▶ _WORK INSTRUCTIONS_: Write the data below out exactly as it stands. Do not include the pictures.

▶ _RECORDED DATA_:
::::::::

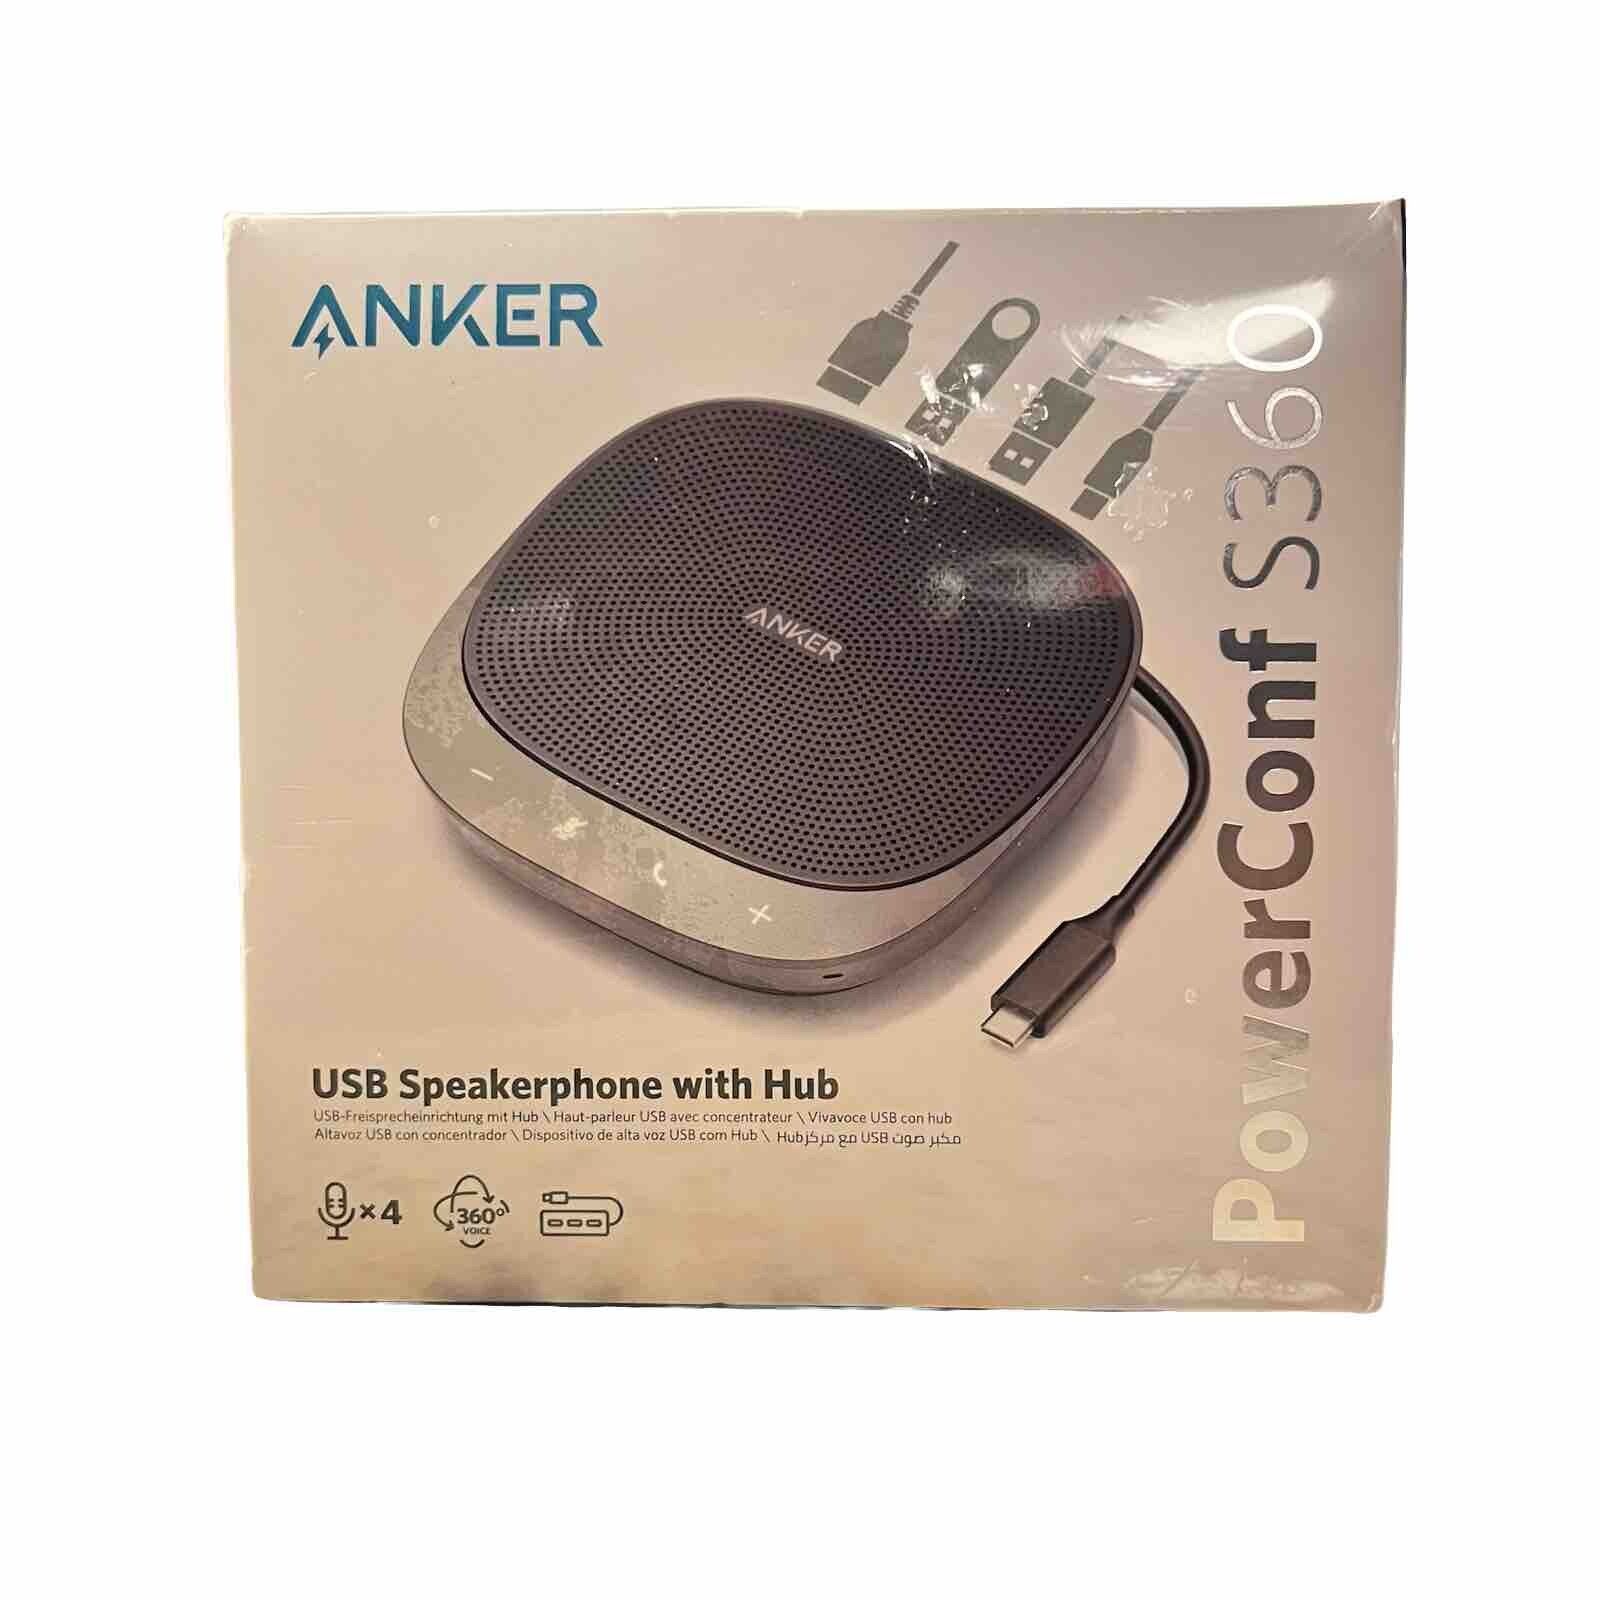 NIB-Anker PowerConf S360 USB Speakerphone with Hub A3307 New Sealed Retail
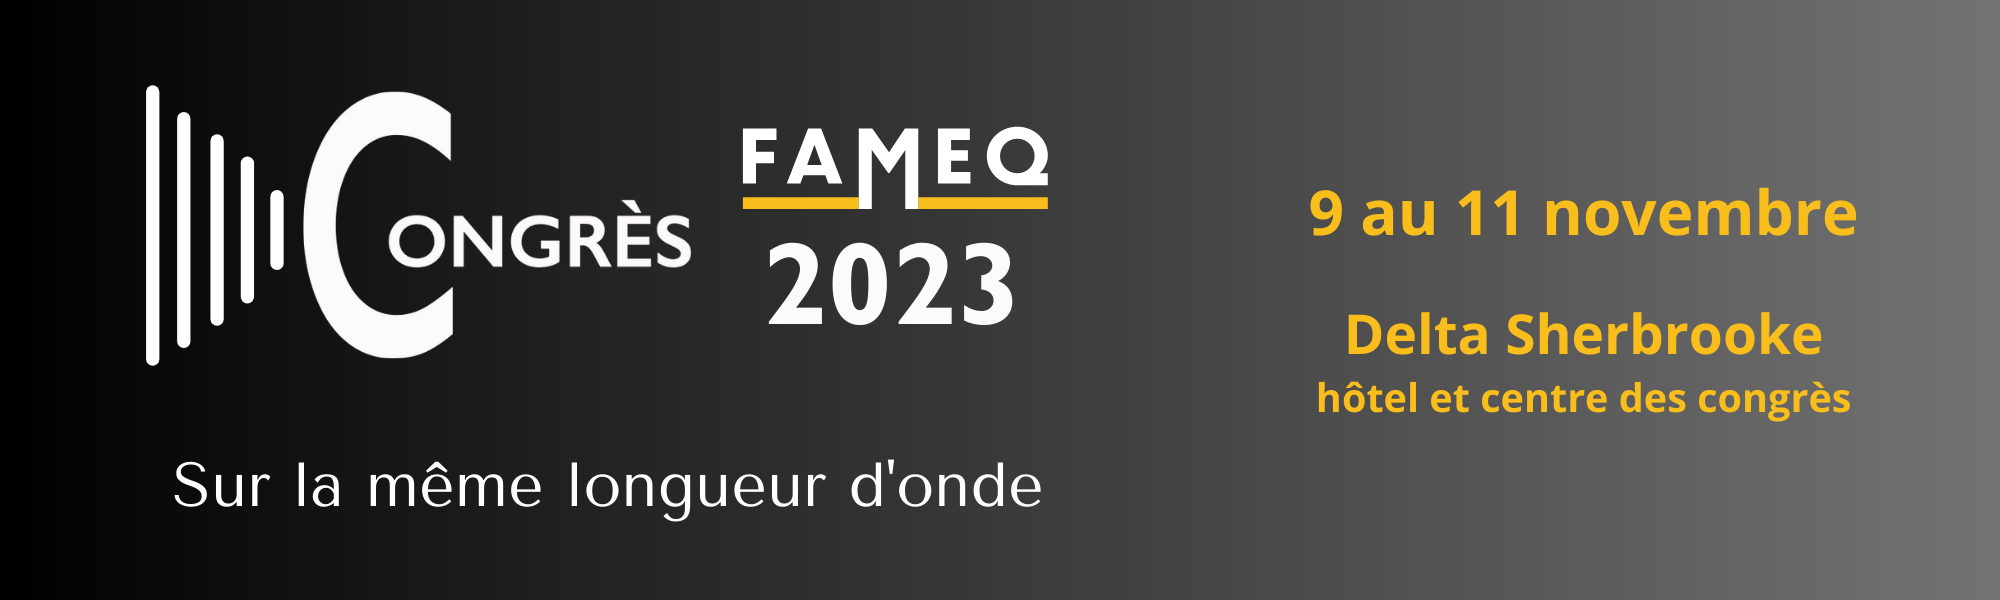 Congrès FAMEQ 2023
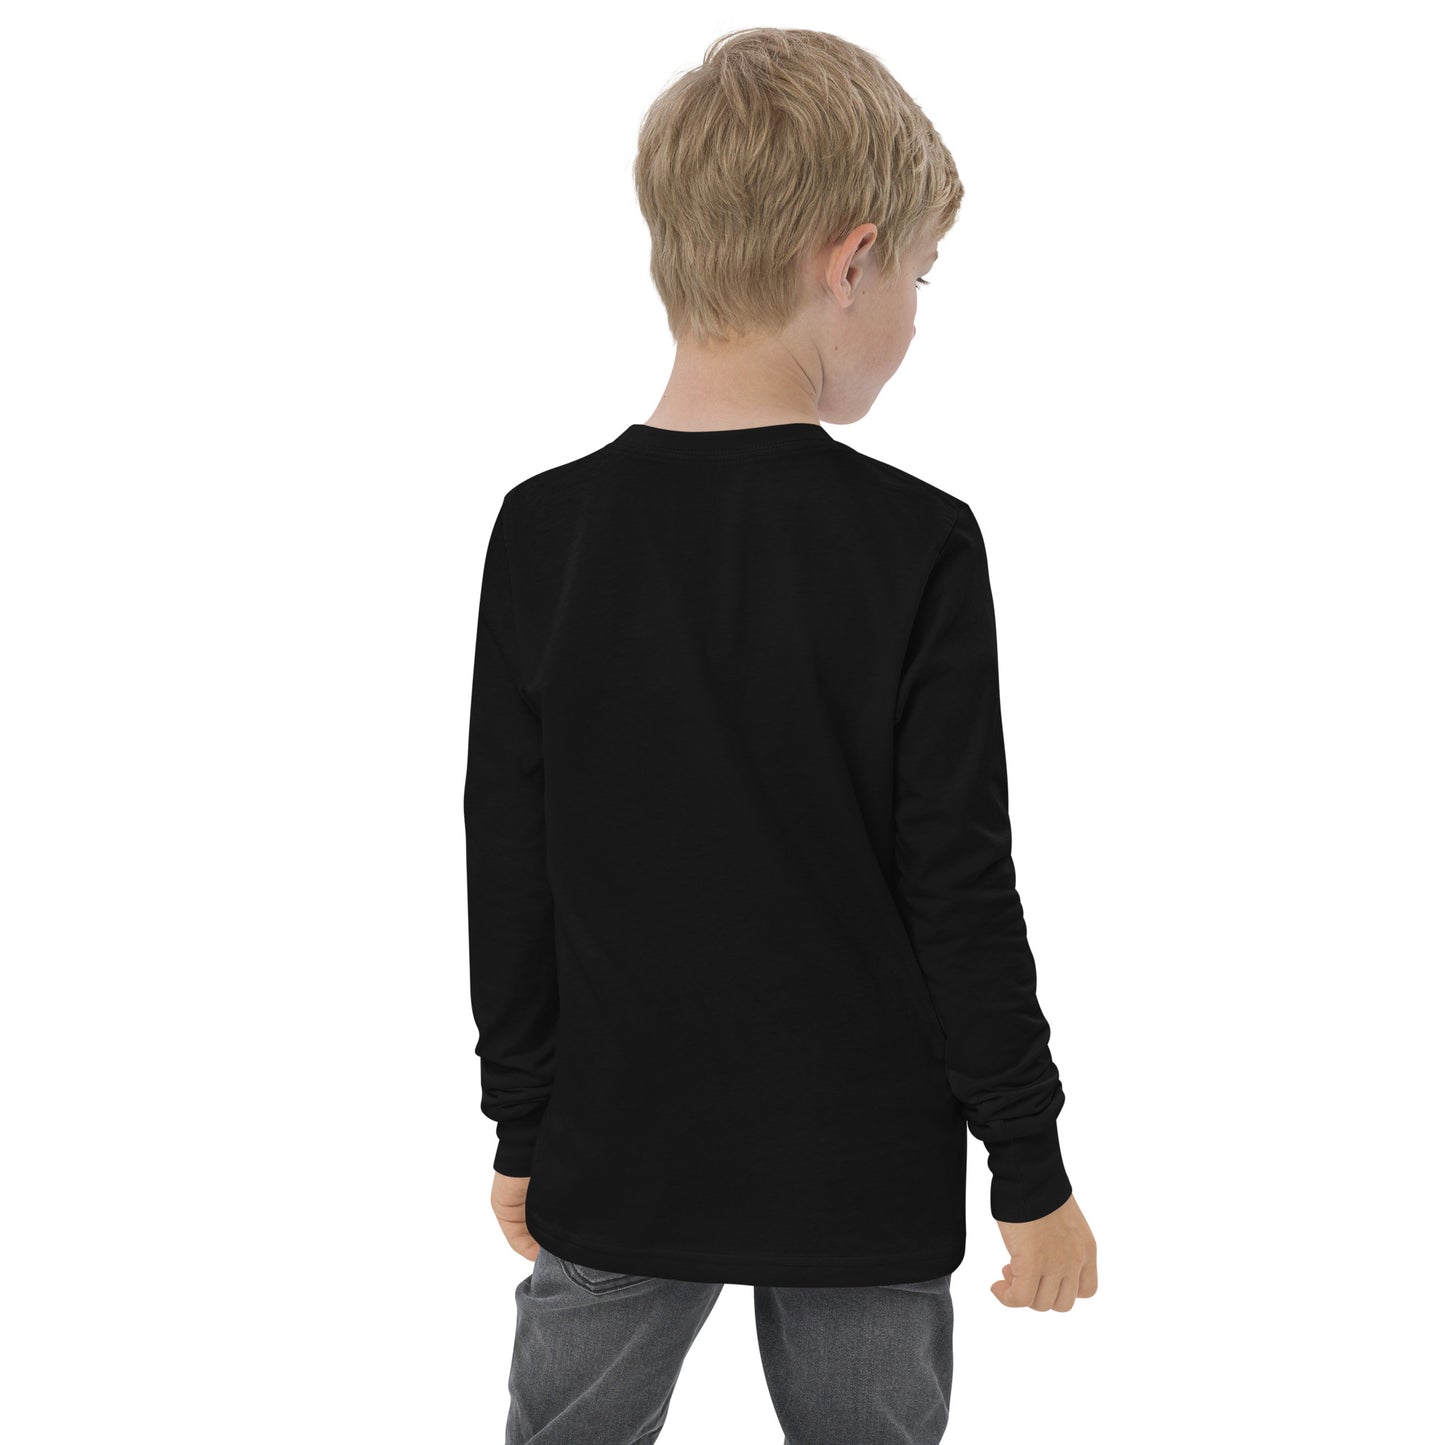 Kid's Long Sleeve Shirt Flakout.
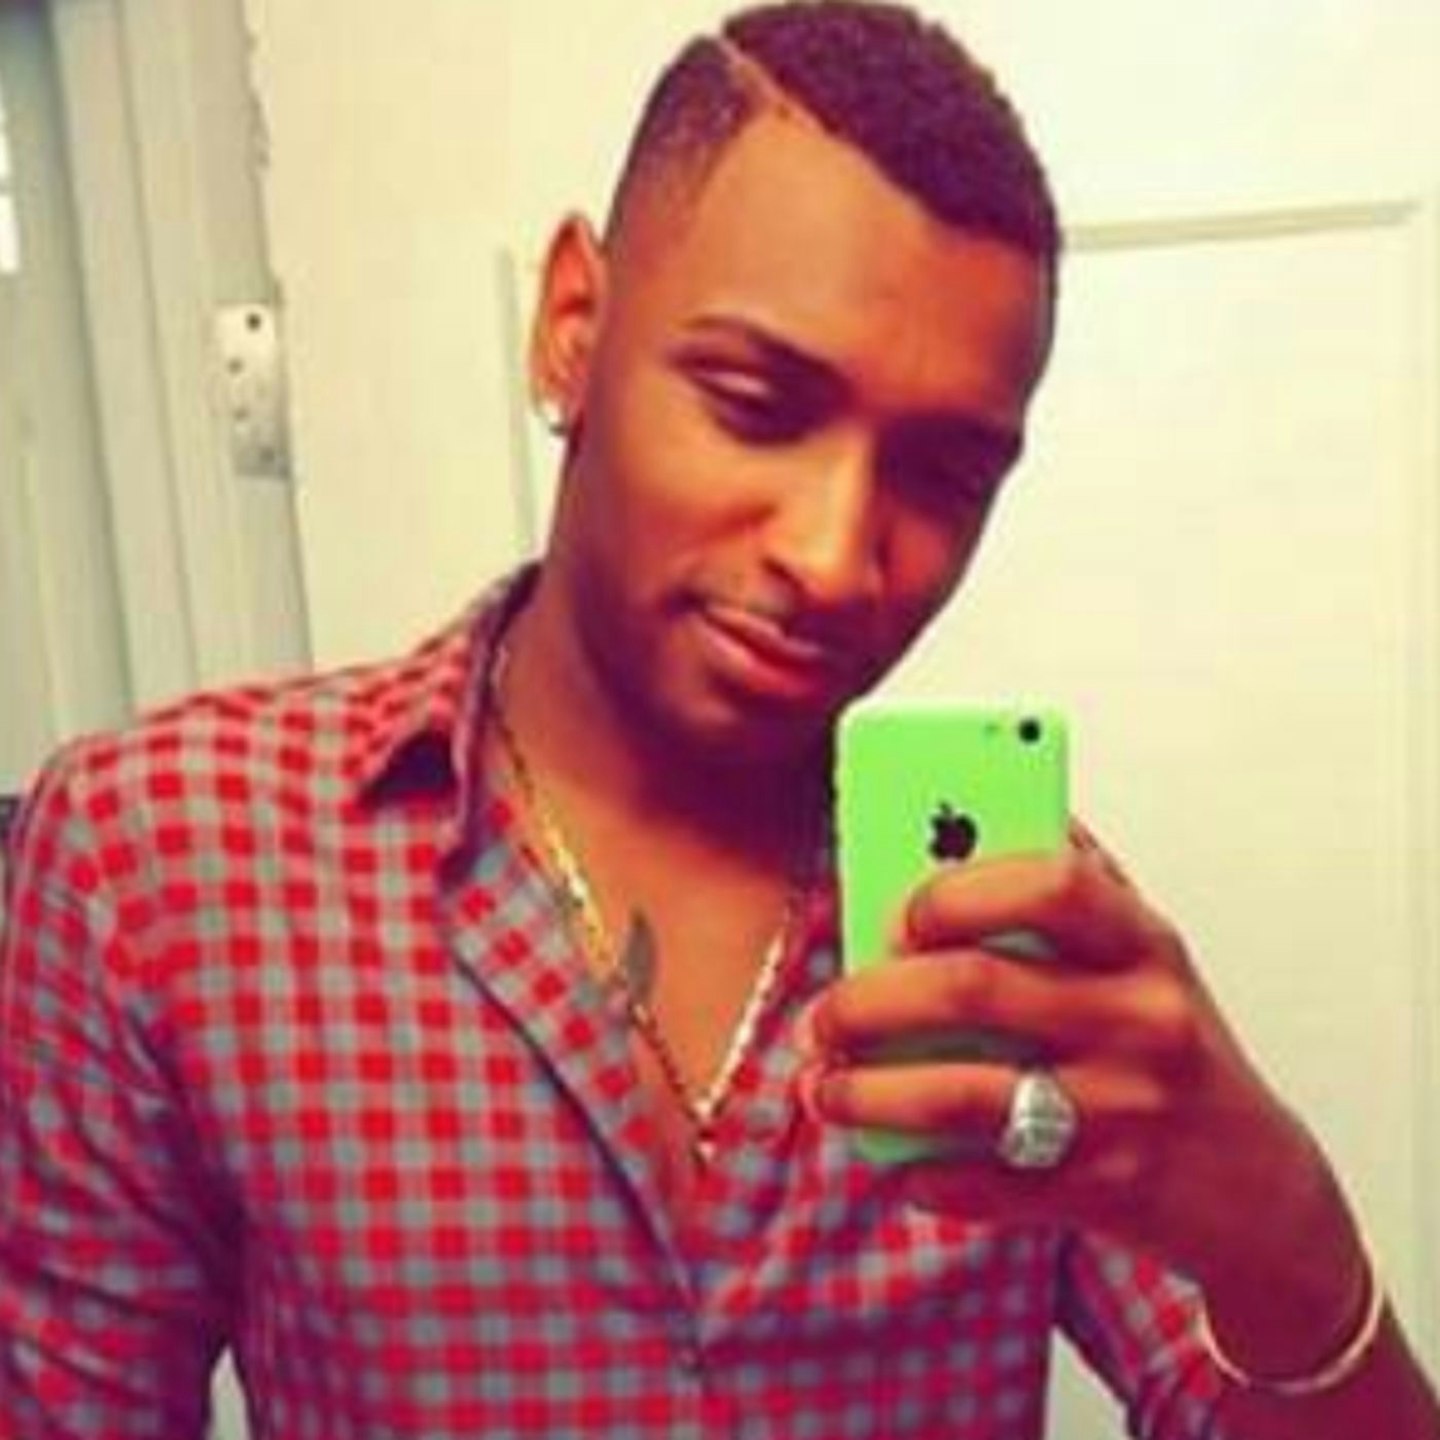 Victim of Orlando Shooting

::::::::

▶ _THE ANSWER_:
 NIB-Anker PowerConf S360 USB Speakerphone with Hub A3307 New Sealed Retail
 Congrès FAMEQ 2023
 Kid's Long Sleeve Shirt Flakout.
 Victim of Orlando Shooting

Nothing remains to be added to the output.